WORK ITEM:
Write out the stretch of lines below that begins at the line with "ファンク/ギター/ロック/エレクトリックの再生済みの波形" and ends at the line with "FARMHOUSE 5540 The Perfect White Table", including both, exactly as given and nothing more.

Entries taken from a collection
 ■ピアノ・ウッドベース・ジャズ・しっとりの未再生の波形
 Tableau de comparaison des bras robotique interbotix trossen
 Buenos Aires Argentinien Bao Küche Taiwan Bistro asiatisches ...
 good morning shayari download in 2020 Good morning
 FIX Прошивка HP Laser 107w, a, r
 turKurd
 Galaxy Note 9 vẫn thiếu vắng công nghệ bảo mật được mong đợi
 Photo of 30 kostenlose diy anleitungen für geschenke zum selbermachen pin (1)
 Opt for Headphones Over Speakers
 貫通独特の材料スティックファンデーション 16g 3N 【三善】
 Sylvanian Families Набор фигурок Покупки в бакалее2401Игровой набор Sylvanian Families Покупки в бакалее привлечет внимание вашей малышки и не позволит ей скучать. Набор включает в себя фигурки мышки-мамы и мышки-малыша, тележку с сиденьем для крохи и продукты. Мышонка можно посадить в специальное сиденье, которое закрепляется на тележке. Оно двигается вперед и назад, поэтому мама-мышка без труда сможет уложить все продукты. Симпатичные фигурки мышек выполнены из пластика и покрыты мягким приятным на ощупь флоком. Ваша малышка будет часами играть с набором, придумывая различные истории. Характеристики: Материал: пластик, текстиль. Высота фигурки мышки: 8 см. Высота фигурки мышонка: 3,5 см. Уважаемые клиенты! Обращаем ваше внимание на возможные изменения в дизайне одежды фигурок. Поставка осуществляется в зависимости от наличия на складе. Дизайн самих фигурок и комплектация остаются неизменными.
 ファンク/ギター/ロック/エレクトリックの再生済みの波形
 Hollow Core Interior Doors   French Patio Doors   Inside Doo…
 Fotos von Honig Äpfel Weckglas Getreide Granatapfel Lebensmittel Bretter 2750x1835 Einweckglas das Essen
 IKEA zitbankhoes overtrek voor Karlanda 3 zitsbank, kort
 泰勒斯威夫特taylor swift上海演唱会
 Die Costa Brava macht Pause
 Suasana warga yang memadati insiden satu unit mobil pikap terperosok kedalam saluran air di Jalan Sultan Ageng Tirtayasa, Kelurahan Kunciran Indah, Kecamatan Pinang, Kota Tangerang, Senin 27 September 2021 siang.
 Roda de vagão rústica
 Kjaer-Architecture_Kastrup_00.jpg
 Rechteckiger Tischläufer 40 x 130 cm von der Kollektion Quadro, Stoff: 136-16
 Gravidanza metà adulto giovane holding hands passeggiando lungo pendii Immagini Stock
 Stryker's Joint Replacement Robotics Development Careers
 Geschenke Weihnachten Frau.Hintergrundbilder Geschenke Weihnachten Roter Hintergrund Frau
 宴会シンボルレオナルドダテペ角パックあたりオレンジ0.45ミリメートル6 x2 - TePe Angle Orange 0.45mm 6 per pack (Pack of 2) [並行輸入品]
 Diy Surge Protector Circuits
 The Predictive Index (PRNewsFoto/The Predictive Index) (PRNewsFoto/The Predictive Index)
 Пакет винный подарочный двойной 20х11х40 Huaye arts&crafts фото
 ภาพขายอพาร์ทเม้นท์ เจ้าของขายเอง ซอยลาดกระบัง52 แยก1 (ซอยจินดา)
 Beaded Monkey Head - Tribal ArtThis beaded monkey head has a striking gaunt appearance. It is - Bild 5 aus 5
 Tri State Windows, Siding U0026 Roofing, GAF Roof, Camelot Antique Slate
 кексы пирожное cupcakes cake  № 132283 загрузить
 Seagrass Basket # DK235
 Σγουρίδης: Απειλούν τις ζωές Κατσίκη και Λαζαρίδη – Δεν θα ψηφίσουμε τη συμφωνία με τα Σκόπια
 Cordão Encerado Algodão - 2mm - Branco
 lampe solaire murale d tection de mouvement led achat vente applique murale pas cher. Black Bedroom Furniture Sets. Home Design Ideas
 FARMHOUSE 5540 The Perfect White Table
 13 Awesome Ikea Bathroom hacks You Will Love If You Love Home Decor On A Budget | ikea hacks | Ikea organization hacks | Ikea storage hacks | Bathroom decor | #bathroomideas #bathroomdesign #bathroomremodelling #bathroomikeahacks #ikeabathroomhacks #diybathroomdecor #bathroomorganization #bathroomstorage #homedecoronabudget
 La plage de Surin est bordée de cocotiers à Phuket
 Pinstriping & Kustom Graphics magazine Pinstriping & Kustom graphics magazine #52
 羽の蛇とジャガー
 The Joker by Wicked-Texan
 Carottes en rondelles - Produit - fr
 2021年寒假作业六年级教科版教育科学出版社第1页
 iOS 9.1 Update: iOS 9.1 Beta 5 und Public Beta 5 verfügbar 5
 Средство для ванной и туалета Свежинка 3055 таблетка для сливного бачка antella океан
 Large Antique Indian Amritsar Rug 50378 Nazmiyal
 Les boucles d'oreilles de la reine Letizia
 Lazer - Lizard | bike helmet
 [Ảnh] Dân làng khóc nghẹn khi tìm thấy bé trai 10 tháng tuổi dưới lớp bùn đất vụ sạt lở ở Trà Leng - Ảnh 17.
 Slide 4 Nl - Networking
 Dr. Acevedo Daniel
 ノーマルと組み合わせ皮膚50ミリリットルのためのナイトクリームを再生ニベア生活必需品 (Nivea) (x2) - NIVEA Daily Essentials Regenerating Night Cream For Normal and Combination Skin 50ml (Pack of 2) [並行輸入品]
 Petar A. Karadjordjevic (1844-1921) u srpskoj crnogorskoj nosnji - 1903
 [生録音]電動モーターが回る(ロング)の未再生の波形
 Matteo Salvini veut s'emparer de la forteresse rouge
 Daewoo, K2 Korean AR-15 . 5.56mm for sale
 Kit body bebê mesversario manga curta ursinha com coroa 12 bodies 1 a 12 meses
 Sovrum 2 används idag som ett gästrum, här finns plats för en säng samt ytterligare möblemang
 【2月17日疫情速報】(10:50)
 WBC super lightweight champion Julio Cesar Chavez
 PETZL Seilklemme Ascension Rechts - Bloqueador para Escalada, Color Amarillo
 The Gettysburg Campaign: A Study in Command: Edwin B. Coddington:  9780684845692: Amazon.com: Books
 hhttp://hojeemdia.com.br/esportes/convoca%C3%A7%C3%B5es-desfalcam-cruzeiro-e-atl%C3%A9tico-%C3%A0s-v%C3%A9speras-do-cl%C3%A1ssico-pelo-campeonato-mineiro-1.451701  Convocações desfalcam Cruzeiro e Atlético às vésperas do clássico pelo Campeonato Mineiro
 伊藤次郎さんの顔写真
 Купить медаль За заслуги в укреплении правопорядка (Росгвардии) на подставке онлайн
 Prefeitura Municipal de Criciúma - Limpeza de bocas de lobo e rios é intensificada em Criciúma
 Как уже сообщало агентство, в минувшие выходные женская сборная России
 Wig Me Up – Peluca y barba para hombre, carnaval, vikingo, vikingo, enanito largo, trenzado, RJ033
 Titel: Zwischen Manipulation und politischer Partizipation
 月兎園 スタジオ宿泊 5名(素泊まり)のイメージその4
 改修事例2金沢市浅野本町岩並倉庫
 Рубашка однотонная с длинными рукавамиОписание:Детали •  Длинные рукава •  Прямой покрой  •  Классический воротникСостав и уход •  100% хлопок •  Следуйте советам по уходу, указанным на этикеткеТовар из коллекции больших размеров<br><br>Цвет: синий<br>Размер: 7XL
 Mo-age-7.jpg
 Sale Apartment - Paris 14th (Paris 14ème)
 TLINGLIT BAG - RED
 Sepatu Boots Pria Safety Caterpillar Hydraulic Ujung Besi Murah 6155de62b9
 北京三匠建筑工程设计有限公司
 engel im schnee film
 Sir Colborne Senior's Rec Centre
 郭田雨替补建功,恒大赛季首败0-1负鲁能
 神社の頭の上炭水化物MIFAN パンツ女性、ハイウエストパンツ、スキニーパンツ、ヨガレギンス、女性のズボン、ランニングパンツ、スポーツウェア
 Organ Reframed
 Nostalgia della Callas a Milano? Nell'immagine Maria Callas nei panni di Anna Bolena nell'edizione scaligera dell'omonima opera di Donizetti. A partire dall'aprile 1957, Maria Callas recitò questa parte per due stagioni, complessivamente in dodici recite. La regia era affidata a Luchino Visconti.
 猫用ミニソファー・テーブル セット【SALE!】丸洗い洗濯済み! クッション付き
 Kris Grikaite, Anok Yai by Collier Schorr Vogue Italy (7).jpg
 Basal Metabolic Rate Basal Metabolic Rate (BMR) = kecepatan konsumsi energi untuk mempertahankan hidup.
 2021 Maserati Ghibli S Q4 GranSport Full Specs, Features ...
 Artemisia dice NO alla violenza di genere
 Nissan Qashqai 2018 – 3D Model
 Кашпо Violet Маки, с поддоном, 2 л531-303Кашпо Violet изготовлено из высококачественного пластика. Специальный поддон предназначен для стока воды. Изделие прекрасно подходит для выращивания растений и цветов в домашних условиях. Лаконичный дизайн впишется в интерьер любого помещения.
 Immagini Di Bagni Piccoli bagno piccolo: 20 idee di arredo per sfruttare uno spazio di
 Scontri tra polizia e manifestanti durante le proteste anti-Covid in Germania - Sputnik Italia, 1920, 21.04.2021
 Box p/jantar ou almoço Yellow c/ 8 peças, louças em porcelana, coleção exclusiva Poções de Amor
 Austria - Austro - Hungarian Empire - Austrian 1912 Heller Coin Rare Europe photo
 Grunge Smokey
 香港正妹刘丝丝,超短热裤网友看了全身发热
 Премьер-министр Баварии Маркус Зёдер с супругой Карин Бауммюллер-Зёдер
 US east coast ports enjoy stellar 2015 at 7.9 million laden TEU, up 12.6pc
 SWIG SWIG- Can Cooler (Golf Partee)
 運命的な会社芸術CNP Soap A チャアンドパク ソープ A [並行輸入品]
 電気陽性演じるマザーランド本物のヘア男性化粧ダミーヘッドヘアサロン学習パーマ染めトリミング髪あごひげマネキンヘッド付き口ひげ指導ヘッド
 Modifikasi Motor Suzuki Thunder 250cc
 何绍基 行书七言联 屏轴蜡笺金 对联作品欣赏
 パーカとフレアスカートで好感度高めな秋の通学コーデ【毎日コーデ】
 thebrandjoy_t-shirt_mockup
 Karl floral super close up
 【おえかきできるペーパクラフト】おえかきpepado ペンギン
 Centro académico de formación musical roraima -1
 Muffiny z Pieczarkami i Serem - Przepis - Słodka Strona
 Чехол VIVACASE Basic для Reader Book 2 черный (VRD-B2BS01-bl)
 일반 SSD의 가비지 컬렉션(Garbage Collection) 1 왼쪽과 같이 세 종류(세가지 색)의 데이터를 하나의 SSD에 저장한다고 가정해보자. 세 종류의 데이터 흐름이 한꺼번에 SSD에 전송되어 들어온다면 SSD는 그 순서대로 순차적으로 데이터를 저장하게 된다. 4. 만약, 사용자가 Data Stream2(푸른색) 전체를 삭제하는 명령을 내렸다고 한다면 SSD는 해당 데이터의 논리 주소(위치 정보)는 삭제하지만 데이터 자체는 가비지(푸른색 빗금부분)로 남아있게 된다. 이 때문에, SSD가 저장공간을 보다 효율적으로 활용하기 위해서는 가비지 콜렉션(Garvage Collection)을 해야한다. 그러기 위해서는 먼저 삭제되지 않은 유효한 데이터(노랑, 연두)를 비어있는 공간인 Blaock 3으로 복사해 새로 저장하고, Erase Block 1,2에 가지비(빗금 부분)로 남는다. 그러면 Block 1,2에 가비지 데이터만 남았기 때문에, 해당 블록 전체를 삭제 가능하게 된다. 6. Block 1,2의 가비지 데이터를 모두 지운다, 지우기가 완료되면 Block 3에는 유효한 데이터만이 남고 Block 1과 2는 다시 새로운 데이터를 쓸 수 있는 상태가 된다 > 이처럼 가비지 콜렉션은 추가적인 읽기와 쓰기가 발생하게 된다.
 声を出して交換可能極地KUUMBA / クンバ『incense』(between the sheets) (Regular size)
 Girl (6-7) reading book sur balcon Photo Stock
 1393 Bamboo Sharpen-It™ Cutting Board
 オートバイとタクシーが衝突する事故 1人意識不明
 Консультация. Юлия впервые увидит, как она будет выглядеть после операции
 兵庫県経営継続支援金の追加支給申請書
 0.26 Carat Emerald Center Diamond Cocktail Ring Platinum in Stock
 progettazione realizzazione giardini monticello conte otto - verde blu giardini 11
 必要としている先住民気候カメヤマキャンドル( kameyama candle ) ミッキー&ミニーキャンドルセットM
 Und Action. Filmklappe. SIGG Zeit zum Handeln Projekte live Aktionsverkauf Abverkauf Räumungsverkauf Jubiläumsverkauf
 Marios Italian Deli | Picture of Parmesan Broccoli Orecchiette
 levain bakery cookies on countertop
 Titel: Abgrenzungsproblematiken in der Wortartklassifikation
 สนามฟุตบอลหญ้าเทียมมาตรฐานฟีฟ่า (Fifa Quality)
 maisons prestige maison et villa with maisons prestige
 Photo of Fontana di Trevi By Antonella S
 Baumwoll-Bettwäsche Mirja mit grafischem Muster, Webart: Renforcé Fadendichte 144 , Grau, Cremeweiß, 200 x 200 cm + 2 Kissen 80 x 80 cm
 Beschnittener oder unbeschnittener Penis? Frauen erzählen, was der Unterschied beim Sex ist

OUTPUT OF THE TASK:
 ファンク/ギター/ロック/エレクトリックの再生済みの波形
 Hollow Core Interior Doors   French Patio Doors   Inside Doo…
 Fotos von Honig Äpfel Weckglas Getreide Granatapfel Lebensmittel Bretter 2750x1835 Einweckglas das Essen
 IKEA zitbankhoes overtrek voor Karlanda 3 zitsbank, kort
 泰勒斯威夫特taylor swift上海演唱会
 Die Costa Brava macht Pause
 Suasana warga yang memadati insiden satu unit mobil pikap terperosok kedalam saluran air di Jalan Sultan Ageng Tirtayasa, Kelurahan Kunciran Indah, Kecamatan Pinang, Kota Tangerang, Senin 27 September 2021 siang.
 Roda de vagão rústica
 Kjaer-Architecture_Kastrup_00.jpg
 Rechteckiger Tischläufer 40 x 130 cm von der Kollektion Quadro, Stoff: 136-16
 Gravidanza metà adulto giovane holding hands passeggiando lungo pendii Immagini Stock
 Stryker's Joint Replacement Robotics Development Careers
 Geschenke Weihnachten Frau.Hintergrundbilder Geschenke Weihnachten Roter Hintergrund Frau
 宴会シンボルレオナルドダテペ角パックあたりオレンジ0.45ミリメートル6 x2 - TePe Angle Orange 0.45mm 6 per pack (Pack of 2) [並行輸入品]
 Diy Surge Protector Circuits
 The Predictive Index (PRNewsFoto/The Predictive Index) (PRNewsFoto/The Predictive Index)
 Пакет винный подарочный двойной 20х11х40 Huaye arts&crafts фото
 ภาพขายอพาร์ทเม้นท์ เจ้าของขายเอง ซอยลาดกระบัง52 แยก1 (ซอยจินดา)
 Beaded Monkey Head - Tribal ArtThis beaded monkey head has a striking gaunt appearance. It is - Bild 5 aus 5
 Tri State Windows, Siding U0026 Roofing, GAF Roof, Camelot Antique Slate
 кексы пирожное cupcakes cake  № 132283 загрузить
 Seagrass Basket # DK235
 Σγουρίδης: Απειλούν τις ζωές Κατσίκη και Λαζαρίδη – Δεν θα ψηφίσουμε τη συμφωνία με τα Σκόπια
 Cordão Encerado Algodão - 2mm - Branco
 lampe solaire murale d tection de mouvement led achat vente applique murale pas cher. Black Bedroom Furniture Sets. Home Design Ideas
 FARMHOUSE 5540 The Perfect White Table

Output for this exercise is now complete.